I understand that nightmare scenarios are extremely entertaining to listen to, but we are actually experiencing the nightmare scenario now. The supply-exceeding-demand problem is happening in emergency rooms every day. It’s one of the reasons we need health care reform.
Thoughtfully addressing the problem is how we reduce that burden.
First appointment to Death Panel?
See:
http://notionscapital.wordpress.com/2009/08/09/paula-abdul-named-to-obama-death-panel/
Eclectic — we are certainly in agreement that ER’s are the place you can get health care and ability to pay is not dealt with and demand outstrips supply and the gating factor is “how long can you wait”. I am not convinced that extending the “ability to pay is not dealt with” model to more venues will ease demand. I guess we will see.
Ron, I absolutely believe that end of life issues should be discussed openly. I just want through all of that with my mother before she died in February. She had been openly talking about wanting the services of Dr. Kevorkian for two years. When hospice care was finally provided, it made the ramainder of her life much more comfortable.
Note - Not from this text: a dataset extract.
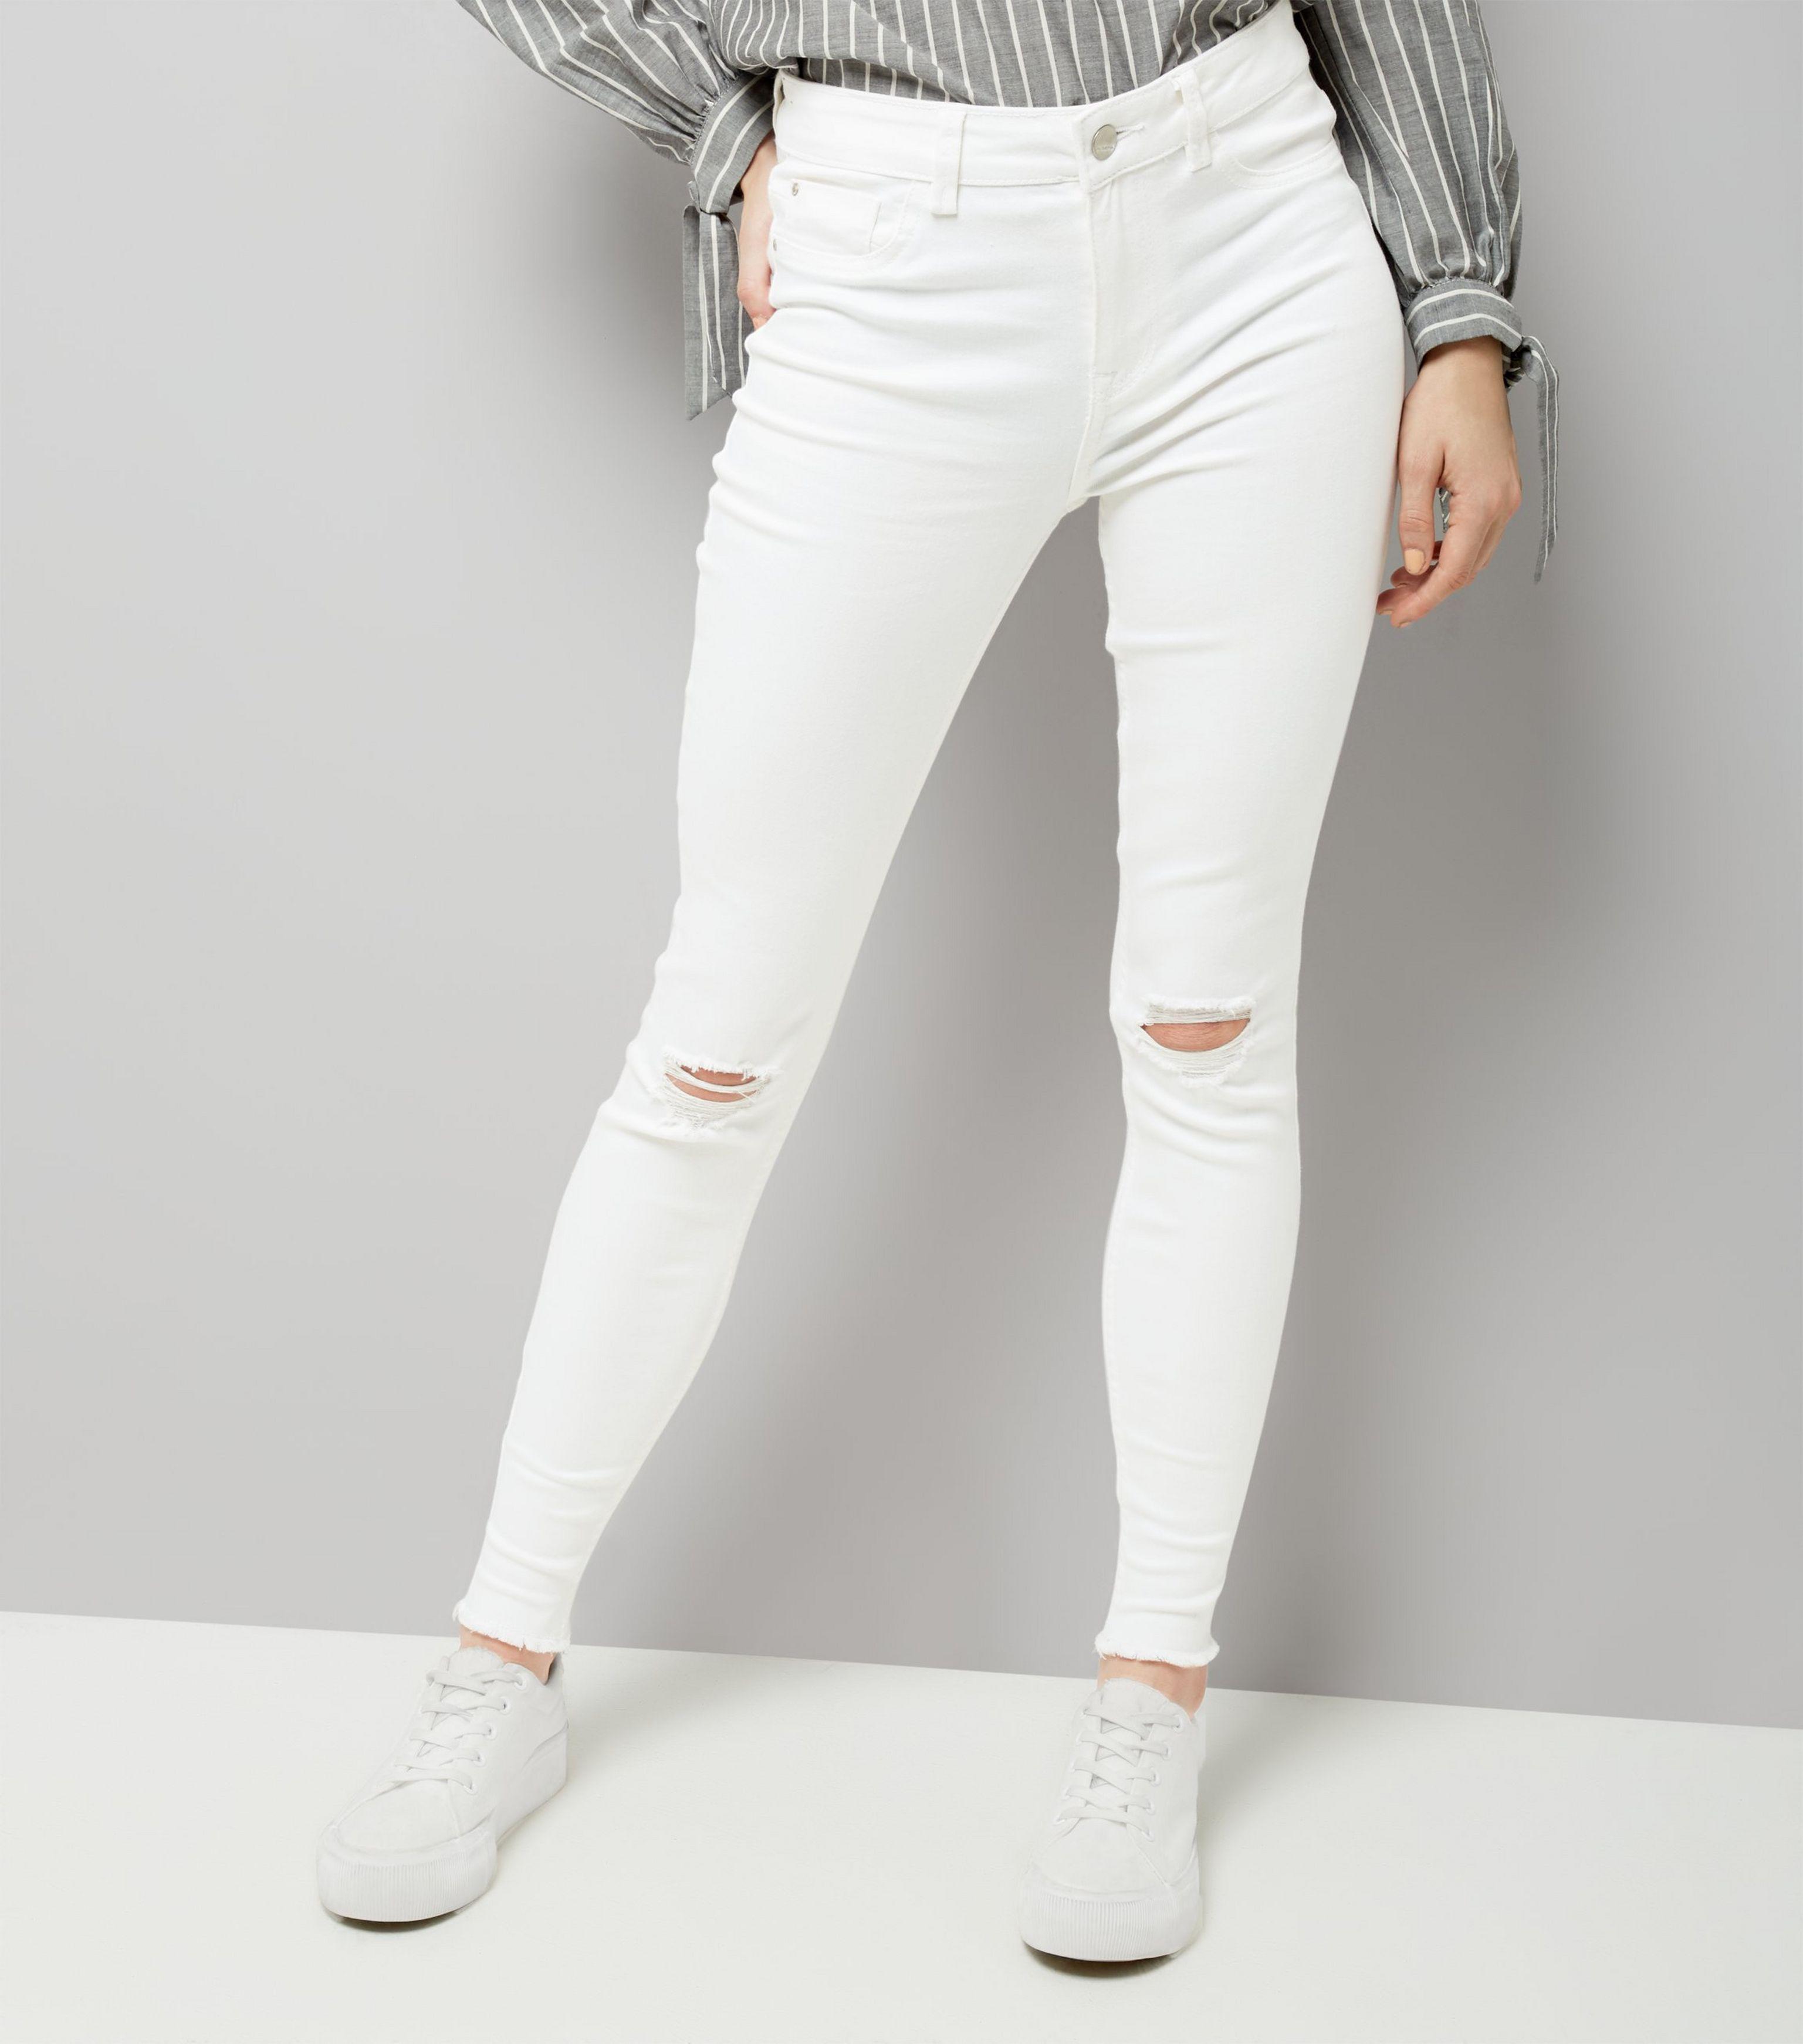 51484823452 New Look White Ripped Knee Fray Hem Skinny Jenna Jeans in White - Lyst

ER’s are not necessarily places where you can get health care and ability to pay is not dealt with. ER’s will still send bills for the uninsured, which may or may not get paid. ER’s also vary in how much they will do for someone who cannot pay. They might provide MediCenter type care and not be concerned about pay while in ER, or an ER might make sure someone has no life threatening problems and then send them on their way.
It will help demand in the ER if people have coverage and a primary care physician where they can go instead. Having near universal coverage won’t eliminate improper use of ER’s but will greatly reduce it. Many insurance plans also take additional steps to reduce inappropriate use such as higher copays for ER visits or requiring approval to go from the primary care physician.
MSFT has a really cool program — an 800 number for a consult and they will send a doctor out on weekends and evenings when your PCP office is likely closed. Even that is cheaper for the company than getting billed for an ER visit.